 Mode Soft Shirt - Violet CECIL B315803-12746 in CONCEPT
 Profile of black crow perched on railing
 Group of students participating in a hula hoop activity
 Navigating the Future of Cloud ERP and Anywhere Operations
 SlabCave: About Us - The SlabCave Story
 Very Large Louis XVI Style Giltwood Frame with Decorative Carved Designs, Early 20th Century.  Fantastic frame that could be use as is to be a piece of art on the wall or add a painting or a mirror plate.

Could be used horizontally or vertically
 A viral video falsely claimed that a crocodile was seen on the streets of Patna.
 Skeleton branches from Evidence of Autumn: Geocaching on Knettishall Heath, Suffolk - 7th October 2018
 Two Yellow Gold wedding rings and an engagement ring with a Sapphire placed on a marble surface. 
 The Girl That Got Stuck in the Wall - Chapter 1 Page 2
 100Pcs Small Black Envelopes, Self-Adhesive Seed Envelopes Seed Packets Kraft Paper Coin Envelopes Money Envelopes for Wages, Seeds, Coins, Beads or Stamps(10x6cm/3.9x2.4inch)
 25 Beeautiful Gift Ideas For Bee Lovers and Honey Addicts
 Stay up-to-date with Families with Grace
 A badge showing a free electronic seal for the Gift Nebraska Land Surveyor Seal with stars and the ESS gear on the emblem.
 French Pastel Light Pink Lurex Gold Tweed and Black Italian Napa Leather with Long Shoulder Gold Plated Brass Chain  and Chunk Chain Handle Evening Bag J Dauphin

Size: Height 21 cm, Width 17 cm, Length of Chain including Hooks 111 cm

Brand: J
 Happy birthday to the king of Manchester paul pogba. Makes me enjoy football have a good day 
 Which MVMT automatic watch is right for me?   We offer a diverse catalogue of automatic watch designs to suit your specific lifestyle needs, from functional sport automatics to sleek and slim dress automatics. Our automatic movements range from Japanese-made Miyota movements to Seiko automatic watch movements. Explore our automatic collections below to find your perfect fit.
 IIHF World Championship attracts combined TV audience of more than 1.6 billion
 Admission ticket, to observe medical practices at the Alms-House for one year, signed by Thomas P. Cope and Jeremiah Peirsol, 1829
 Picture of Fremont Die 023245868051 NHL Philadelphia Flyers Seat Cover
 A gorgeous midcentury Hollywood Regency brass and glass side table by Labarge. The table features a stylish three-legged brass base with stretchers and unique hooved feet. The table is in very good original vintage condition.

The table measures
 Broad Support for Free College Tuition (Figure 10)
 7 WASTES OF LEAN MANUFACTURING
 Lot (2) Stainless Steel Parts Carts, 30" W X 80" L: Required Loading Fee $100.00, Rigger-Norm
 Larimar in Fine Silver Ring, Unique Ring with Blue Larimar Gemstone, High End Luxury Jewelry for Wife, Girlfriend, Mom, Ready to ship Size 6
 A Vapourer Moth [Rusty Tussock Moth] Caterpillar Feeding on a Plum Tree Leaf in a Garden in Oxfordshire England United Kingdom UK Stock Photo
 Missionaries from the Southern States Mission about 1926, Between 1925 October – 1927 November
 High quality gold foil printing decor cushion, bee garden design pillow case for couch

= = = =

Problem: The listing above holds a line with "IIHF World Championship" and a line with "Picture of Fremont". Print the stretch from the first through the second, exactly and alone.

Exercise answer:
 IIHF World Championship attracts combined TV audience of more than 1.6 billion
 Admission ticket, to observe medical practices at the Alms-House for one year, signed by Thomas P. Cope and Jeremiah Peirsol, 1829
 Picture of Fremont Die 023245868051 NHL Philadelphia Flyers Seat Cover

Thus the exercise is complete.